A frail-looking Bill Clinton called out “young Arab Americans” in a hoarse defense of Israel’s deadly war against Hamas in Gaza during a stump speech in Michigan — a swing state with a large Arab population, which has made Israel policy a major issue.
“The hardest issue here in Michigan is the Middle East,” Clinton, 78, shakily told the crowd at a “Souls to the Polls” event in Muskegon Heights in western Michigan Wednesday morning, according to Michigan Live.
“I understand why young Palestinians and Arab Americans here in Michigan think too many people have died. I get that,” he continued, adding that it was difficult to assess “how many [deaths] is enough to punish them [Hamas] for the terrible thing they did?”
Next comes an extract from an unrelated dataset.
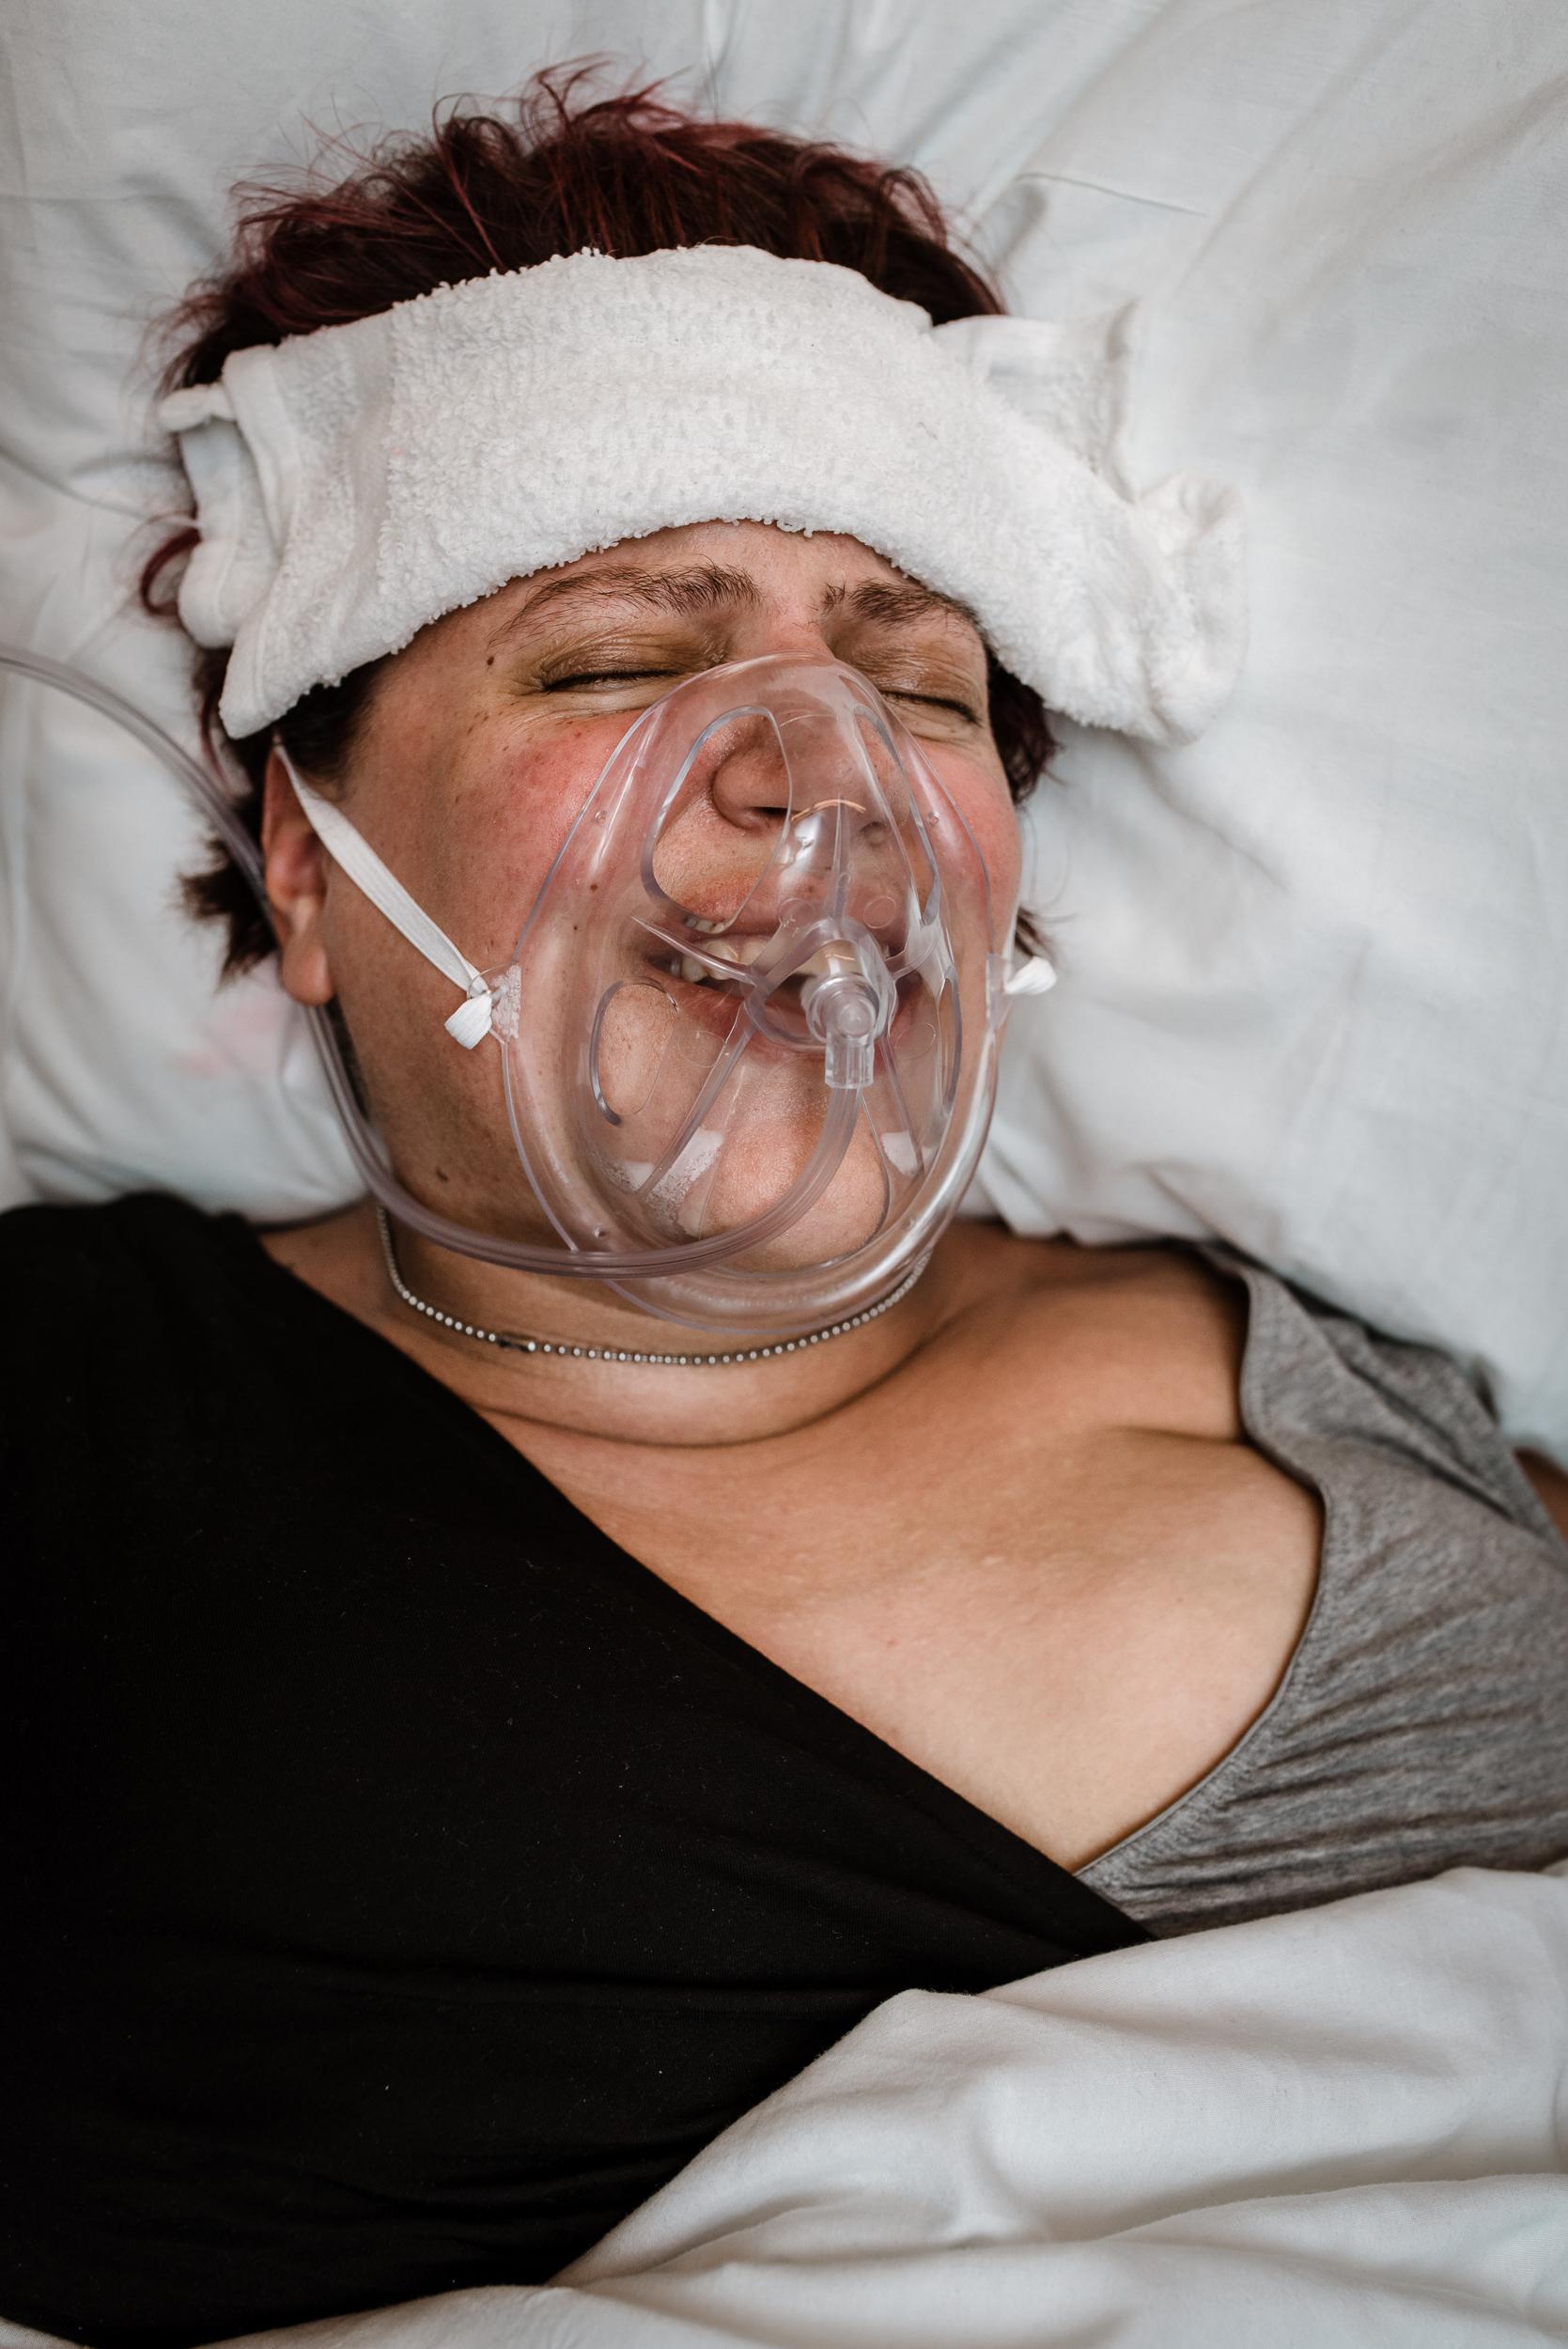 Meredith Westin Photography- Minneapolis Birth Stories and Films-November 08, 2018-154313.jpg

“The people there were the most pro-friendship with Palestine, the most pro-two-state solution of any of the Israeli community, were the ones right next to Gaza, and Hamas butchered them,” Clinton lamented, referring to the Oct. 7, 2023, terror attack on southern Israel in which Hamas killed 1,200 people and kidnapped 250 others.
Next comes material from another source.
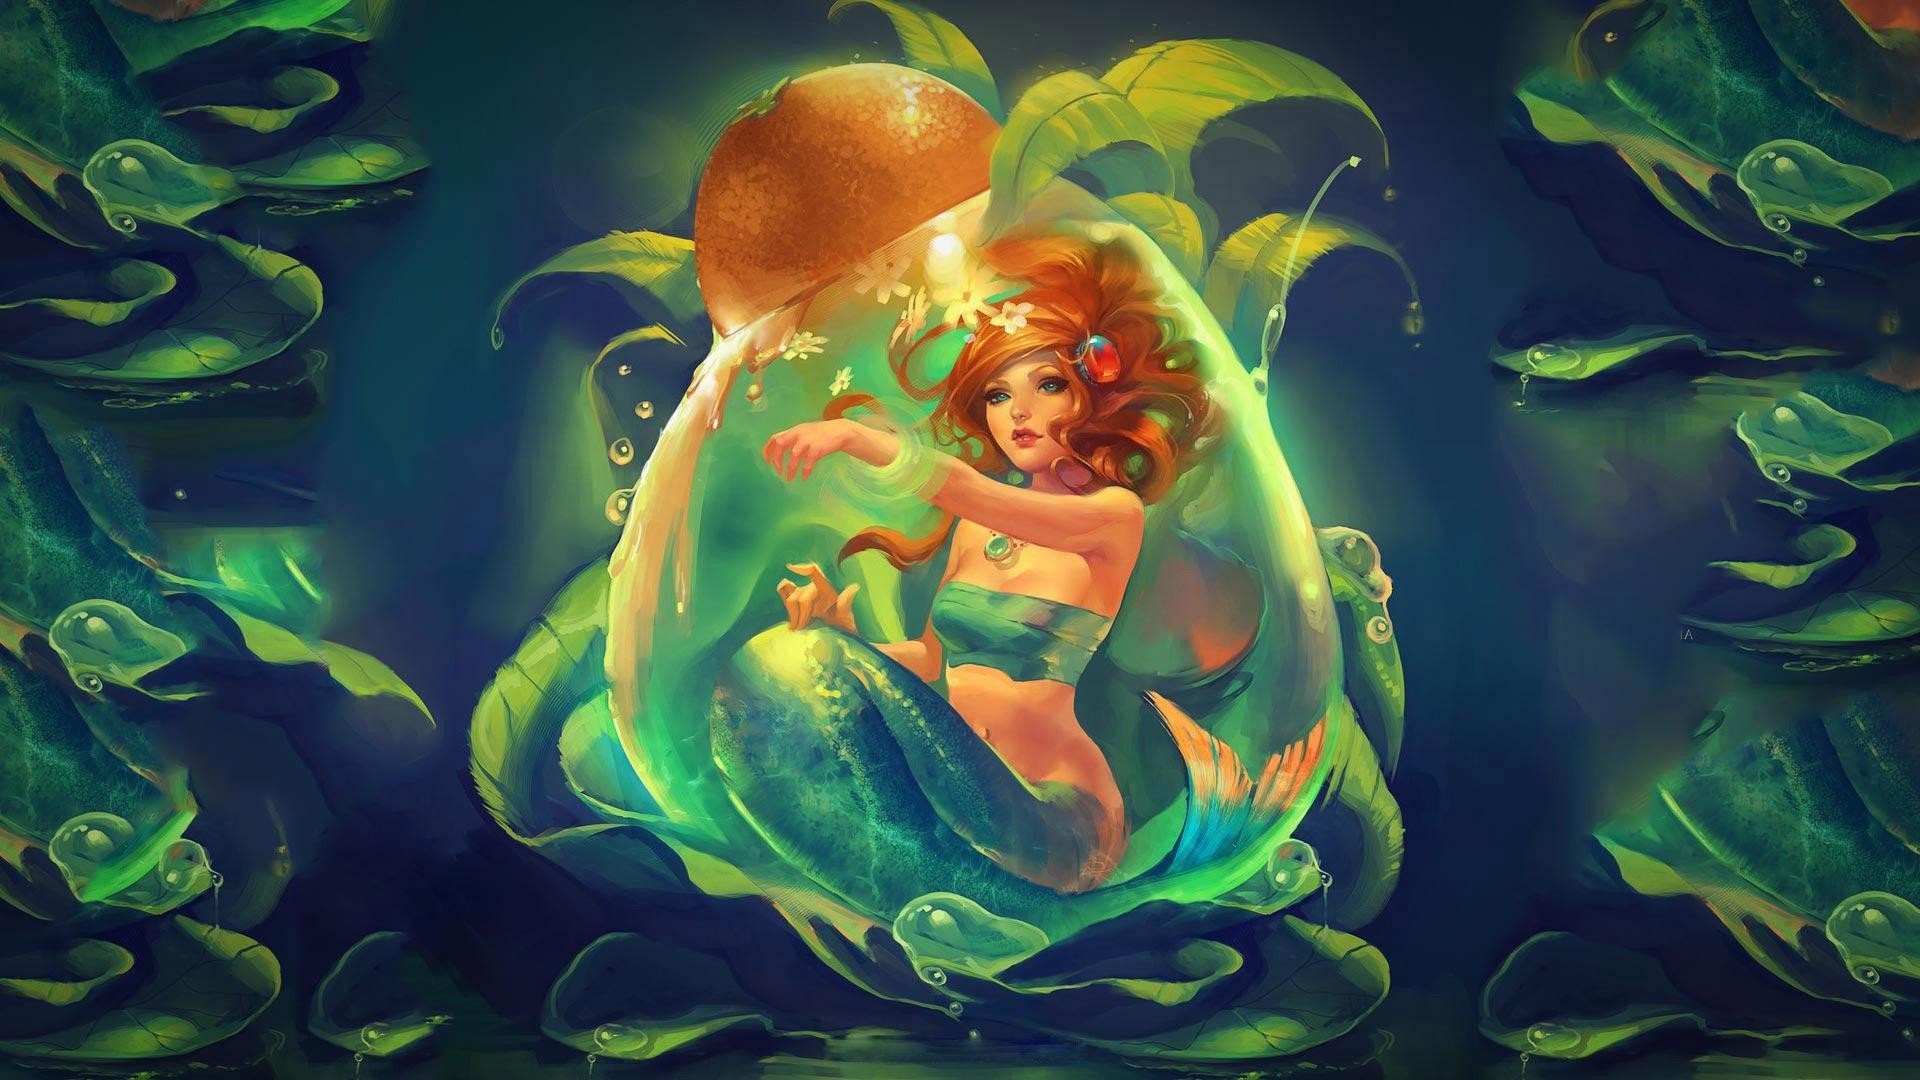 Lonely Girl Wallpaper Download Free Free Desktop Mermaid Wallpapers Pixelstalk Net

“What would you do if it was your family? And you hadn’t done anything but support the homeland for the Palestinians and, one night, they come for you and slaughter the people in your village.”
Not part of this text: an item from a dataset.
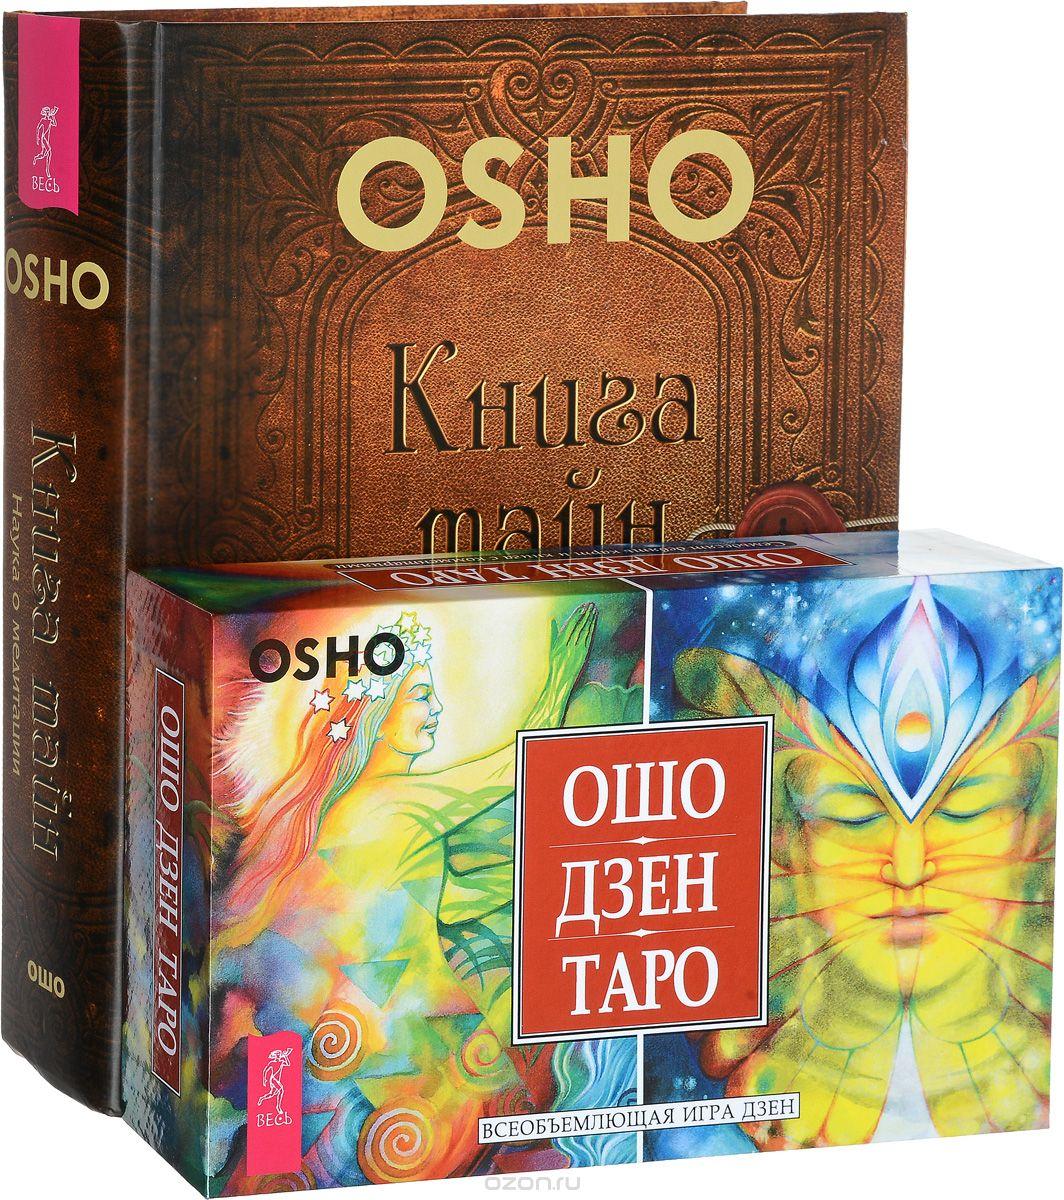 Раджниш Ошо: Ошо Дзен Таро. Книга тайн (комплект из 2 книг + 79 карт)

Clinton’s vocal support for the year-long Israel-Hamas war raises uncomfortable issues for Democrats in Michigan — a key battleground state that also boasts a significant portion of Arab American voters.
According to a recent USA Today/Suffolk University poll, Kamala Harris and former President Donald Trump are still deadlocked in the state with just five days before Election Day.
The Middle East conflict has been a key issue in the White House race in the Great Lakes State — and many voters from the Arab and Muslim communities have broken with Democrats over the party’s continued policies of supporting Israel.
A poll earlier this month showed Arab voters breaking for former President Donald Trump by two percentage points.
“I think we’re going to essentially have to start again on the peace process,” Clinton — who spoke with a hoarse voice and appeared to have lost weight — added during his Wednesday appearance.
In 1993, Clinton oversaw the Oslo peace accord between Israel and the Palestinians. He was also president when violence again erupted between the two factions in 1996.
“I think part of it is that Hamas did not care about a homeland for the Palestinians, they wanted to kill Israelis and make Israel uninhabitable,” he said Wednesday.
“Well, I got news for them. They [Israel] were there first before their faith existed,” he insisted.
Clinton did not mention that the Gaza Health Ministry, which is Hamas-controlled, has reported more than 43,000 people have been killed in the narrow Palestinian territory since Israel’s war began last year.
Despite his pro-Israel leanings, Clinton added that a Harris administration would “convince people they can’t murder their way out of this on either side.”
“They have to make a new beginning,” Clinton said. “People in Michigan are thinking about not voting because they’re mad at the Biden administration for honoring the historic obligation to try to keep Israel from being destroyed. I think that’s a mistake.”
Earlier this month, reports indicated that the US had spent $17.9 billion in military aid to Israel since the start of the war.
“How about we stop funding it?” Jessica Plichta, 21, shouted during the speech.
“He [Clinton] made it seem like Arabs are uprising and they want to eradicate all Jewish people from the area. That’s not true. They want self-determination and equal rights on their own land,” she told Michigan Live.
Clinton’s divisive Wednesday comments came just one day after he made a stump speech at the University of Pittsburg-Greensburg — where he claimed that Israeli leaders “don’t care anymore” about peace in the Middle East.
The Harris campaign has struggled to clarify its stance on the Israel-Hamas war — as swaths of more left-leaning Dems have called for the US to cease its support for the effort, while others remain more fervently tied to the Israeli cause.
Second gentleman Doug Emhoff tried to convince Jewish voters that Harris would fight antisemitism and support Israel if she wins the presidency.
Some attendees, however, remained unconvinced — and told The Post they would be casting votes for Republicans.